All seven knives hit the beam. It was a tight spread too, and could not have gone better. The other nicks in the beam and in the wall behind that they had made in their weeks and weeks of practising were hid by the dim light. I think Catrin had positioned the lamps to leave that part of the room halfway in shadow.

The cheers were like thunder indoors, and they went on for a long time. The seven shook each other’s hands and clapped each other’s shoulders, soaking in the joy of that praise, that being seen and loved.

“I put it to the vote,” Catrin said when there was quiet again. “Rampart Knife will go to the west, right now, and bring us back report of what’s out there. Then they’ll turn straightway and come back again before Half-Ax reaches the gates, for we’ll need them to lead our defence. Let’s see how the Peacemaker’s army fares against ours. Say if it will be so.”

This time there was no need to count the votes. Every hand rose up. Every voice too.

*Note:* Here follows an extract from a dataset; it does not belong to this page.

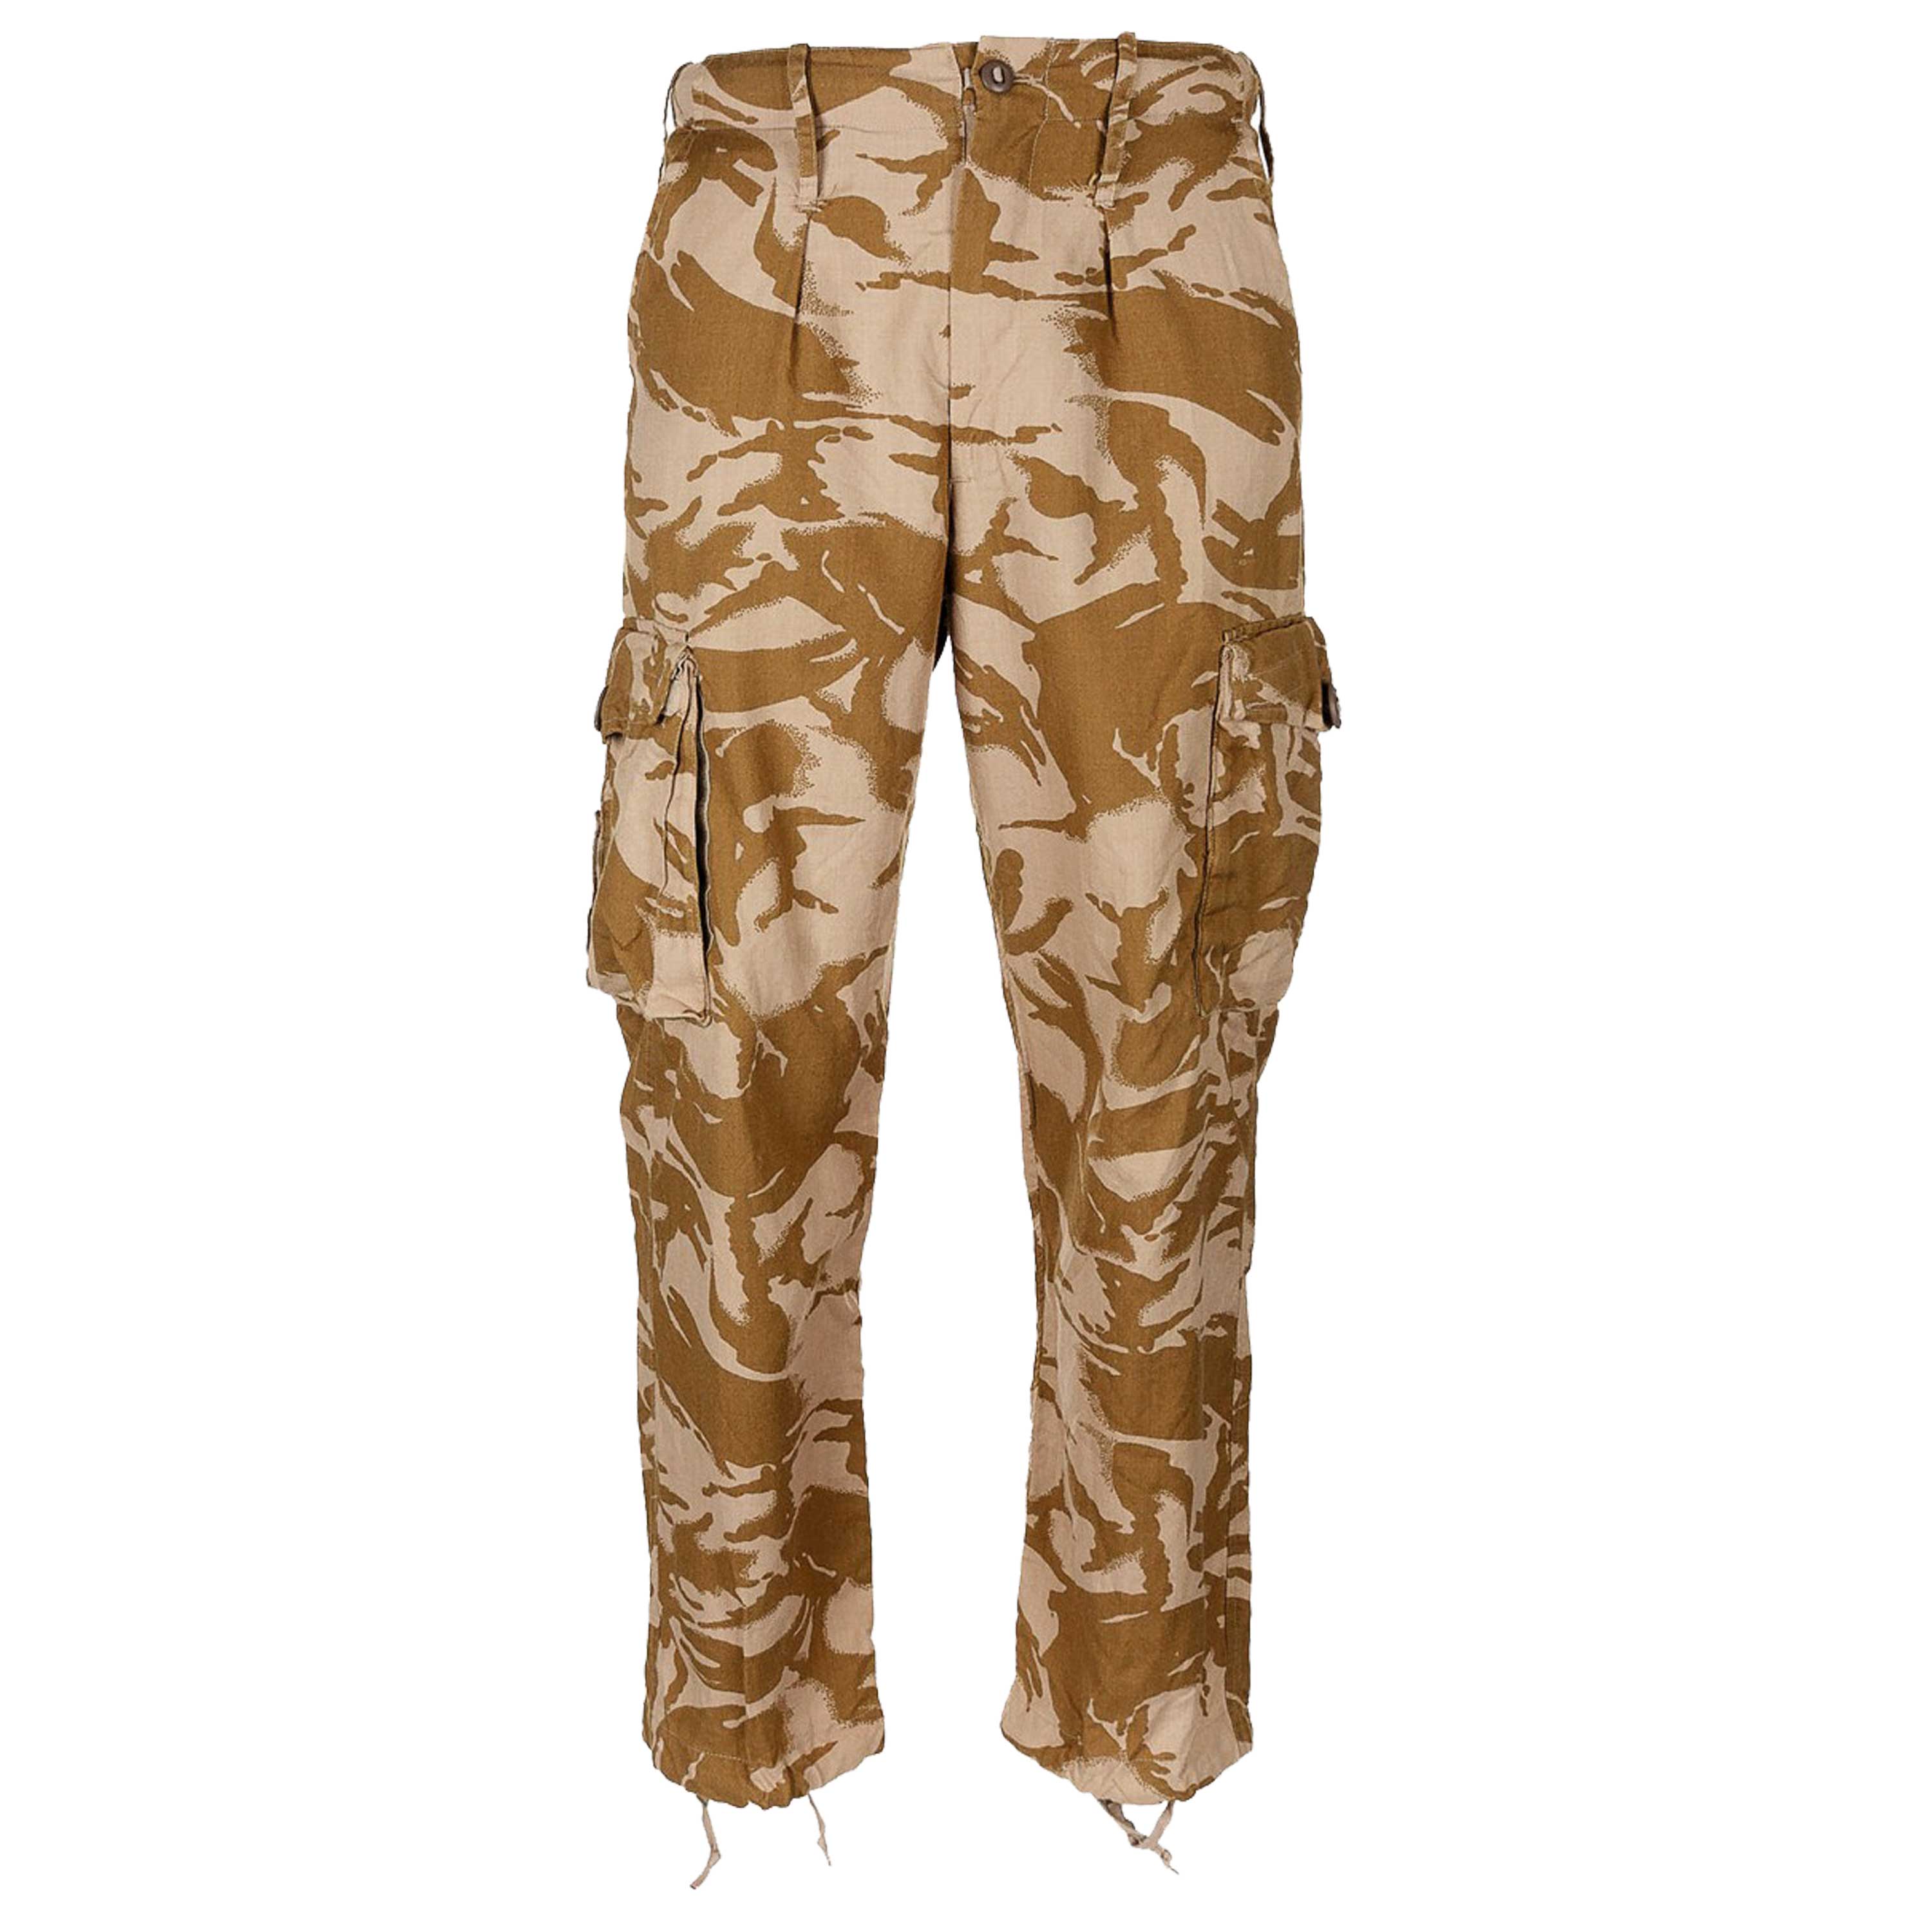 Purchase the Used British Combat Lightweight Pants DPM desert by

Jon caught my eye and smiled. I looked from him to his mother. Catrin was wearing a face of calm seriousness, a Rampart face, but we both knew what a hollow hope she was offering. She had mended the roof with a shoe instead of a shingle, as my father would have said. Rampart Knife would have to make their way through mile after mile of open country, with only their daggers to protect them – for with Half-Ax coming so close upon us, we couldn’t risk losing even a single one of the few pieces of tech we had. And what was our hope? That the force that was coming out of the west might have someone in it we could reason with, someone we could plead to for help, and not just another Peacemaker filled with dreams of blood and conquering.

This great show with the knives and the cutters was meant for one thing only. To hide the thinness of our plan and the dreadful narrowness of the strait we all were in. For me, it was even worse. I might lose my husband in this venture, and never even know where he had fallen.

But still I met Jon’s smile, and gave it back to him. Smiling in the face of horrors is a thing you can get better at. It was probably one of the first tricks our mothers’ mothers ever learned.

 

 

56

 

 

Rampart Knife set out just after dawn. There was a hill to the west of Mythen Rood, Dog Neck by name, that they could reach by sun-up. They aimed to camp there if the day was clear, then move on through the first patch of dense forest once evening came. It sounded so easy when Jon explained it to me. As if the forest was just a ditch they could jump over or a ladder they could climb. As if it had no branches to crush them with, and no roots to drink their blood.